Yixuan Li1, Yulan Peng1, Xin He2.   

Abstract

RATIONALE: The term cystic breast lesions is a sonographic diagnosis, which can be categorized as simple, complicated or complex. The complex cysts are deemed as having a low risk of breast cancer. The highly aggressive invasive ductal carcinomas among complex cysts, in particular, are infrequent reported. PATIENT CONCERNS: A 56-year-old female with a breast complex cyst who, after fine-needle aspiration, complained about oozing with fluid as well as skin ulceration that did not heal. DIAGNOSES: An advanced HER-2-enriched invasive ductal carcinoma was diagnosed.

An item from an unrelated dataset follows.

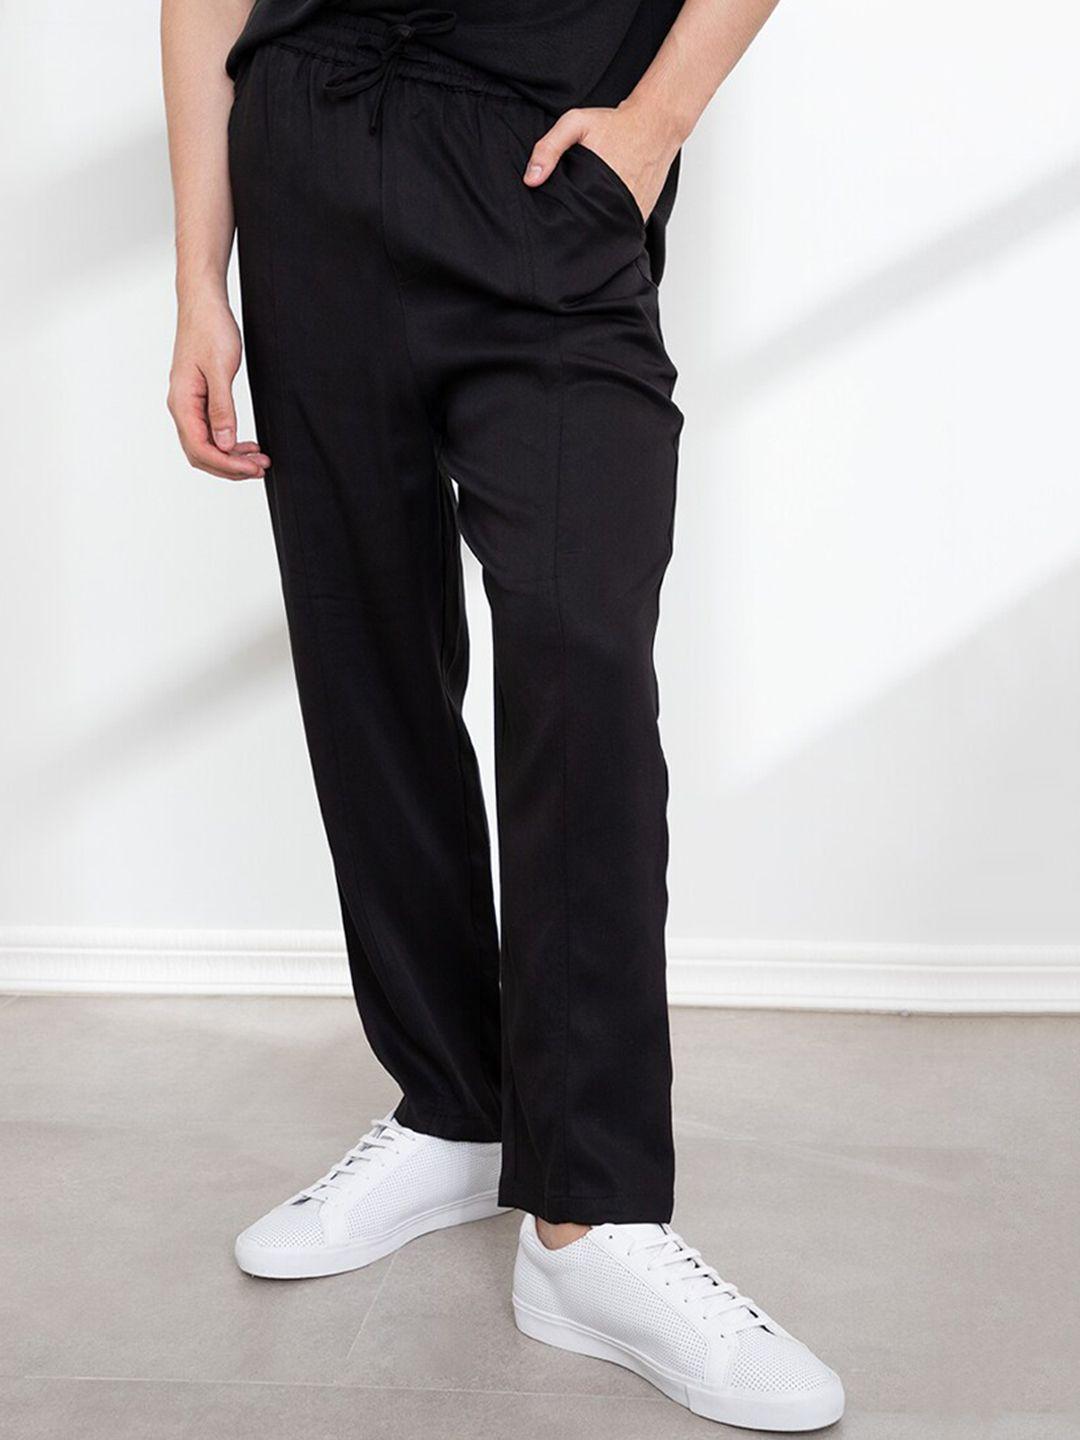 origin-by-zalora-men-black-solid-regular-trousers

INTERVENTIONS: The patient received neoadjuvant chemotherapy of anti-HER-2 target drug, palliative surgery and following postoperative chemotherapy. OUTCOMES: The patient was in good general condition at 6 months follow-up after surgery. LESSONS: Meticulous ultrasound evaluation of Breast Imaging Reporting and Data System (BI-RADS) category is crucial and indispensable when a complex cyst is found. The radiologist and clinician should be fully awake to its possibility of malignancy, especially fast-growing one in post-menopausal women. Excision biopsy may be preferred for diagnosis.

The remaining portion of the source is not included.